Amgen applied on November 30, 2001, to the Centers for Medicare and Medicaid Services (“CMS”) (known prior to July 1, 2001 as the Health Care Financing Administration), which, as relevant here, administers the Medicare Part B program, for transitional pass-through new-drug status so that hospitals would receive supplemental payments for providing Aranesp to Medicare Part B beneficiaries. See § (t)(6)(A)(iv). According to the complaint, in September 2001 and July 2002, respectively, the Federal Drug Administration approved Aranesp for marketing as a treatment for kidney disease-related anemia and for chemotherapy-related anemia.
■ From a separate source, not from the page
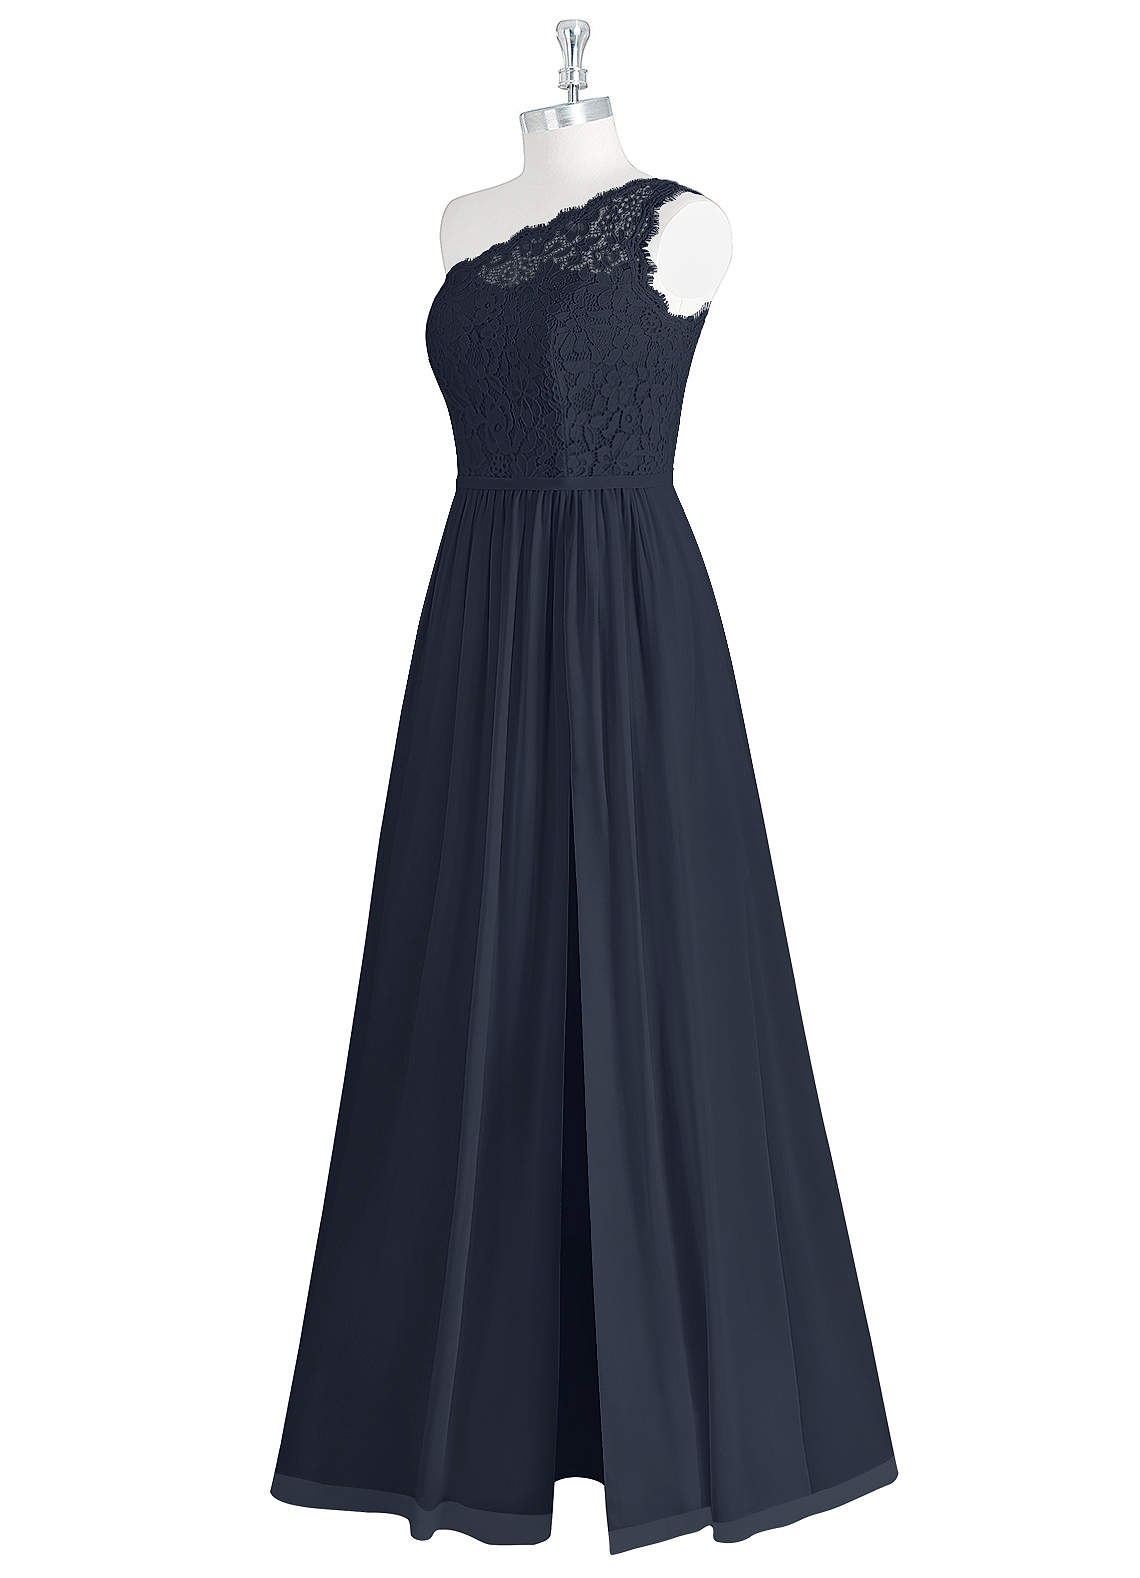 Azazie Demi Bridesmaid Dresses A-Line One Shoulder Chiffon Floor-Length Dress image1

CMS sent Amgen an approval letter on February 5, 2002, and on March 1, 2002, CMS included Aranesp in the reimbursement rates for 2002, to be effective April 1, 2002. 67 Fed.Reg. 9556, 9562 (March 1, 2002). CMS’s proposed 2003 OPPS rates, published on August 9, 2002, also included pass-through payments for Aranesp. 67 Fed.Reg. 52092, 52119 (Aug. 9, 2002). The proposed rule stated, however, that the pass-through provisions had “been exceptionally difficult to implement” and that CMS was “actively seeking comment on all aspects of these [proposed] rates,” explaining that it was “open to making changes, perhaps significant” to the proposed rates based on comments received. Id. at 52093. Ortho Biotech, the manufacturer of Pro-crit, submitted comments questioning the pass-through payments for Aranesp in light of its purported similarity to Procrit. 67 Fed.Reg. 66718, 66757 (Nov. 1, 2002). Amgen responded that the two biologicals were not substitutes, and that reimbursement amounts for Aranesp should not be determined in reference to Procrit.
On November 1, 2002, the Secretary published the final rule setting 2003 OPPS rates. 67 Fed.Reg. 66718 (Nov. 1, 2002). Claiming to aсt pursuant to the authority in § (t)(2)(E) to make “adjustments ... to ensure equitable payments,” CMS adjusted payments for Aranesp to the level hospitals would receive under the prospective payment system, effectively eliminating the supplemental pass-through payment for the biological. Id. at 66758. The decision to reduce payments was predicated on the availability of the clinically similar yet cheaper Procrit, and noted that it was not “an equitable or efficient use of Medicare funds to pay for these two functionally equivalent products at greatly different rates.” Id. Because no historical cost data were available to calculate Aranesp’s reimbursement level under the prospective payment system pursuant to § (t)(2)(C), CMS calculated a reimbursement amount using what it determined to bе the equivalent dosage ratio between Procrit and Ara-nesp. Id. at 66758-59. As an alternative ground for the decision, the final rule stated that Aranesp is not “new” for pass-through purposes under § (t)(6)(A)(iv) because it is “functionally equivalent” to Pro-crit and Epogen. Id. at 66759.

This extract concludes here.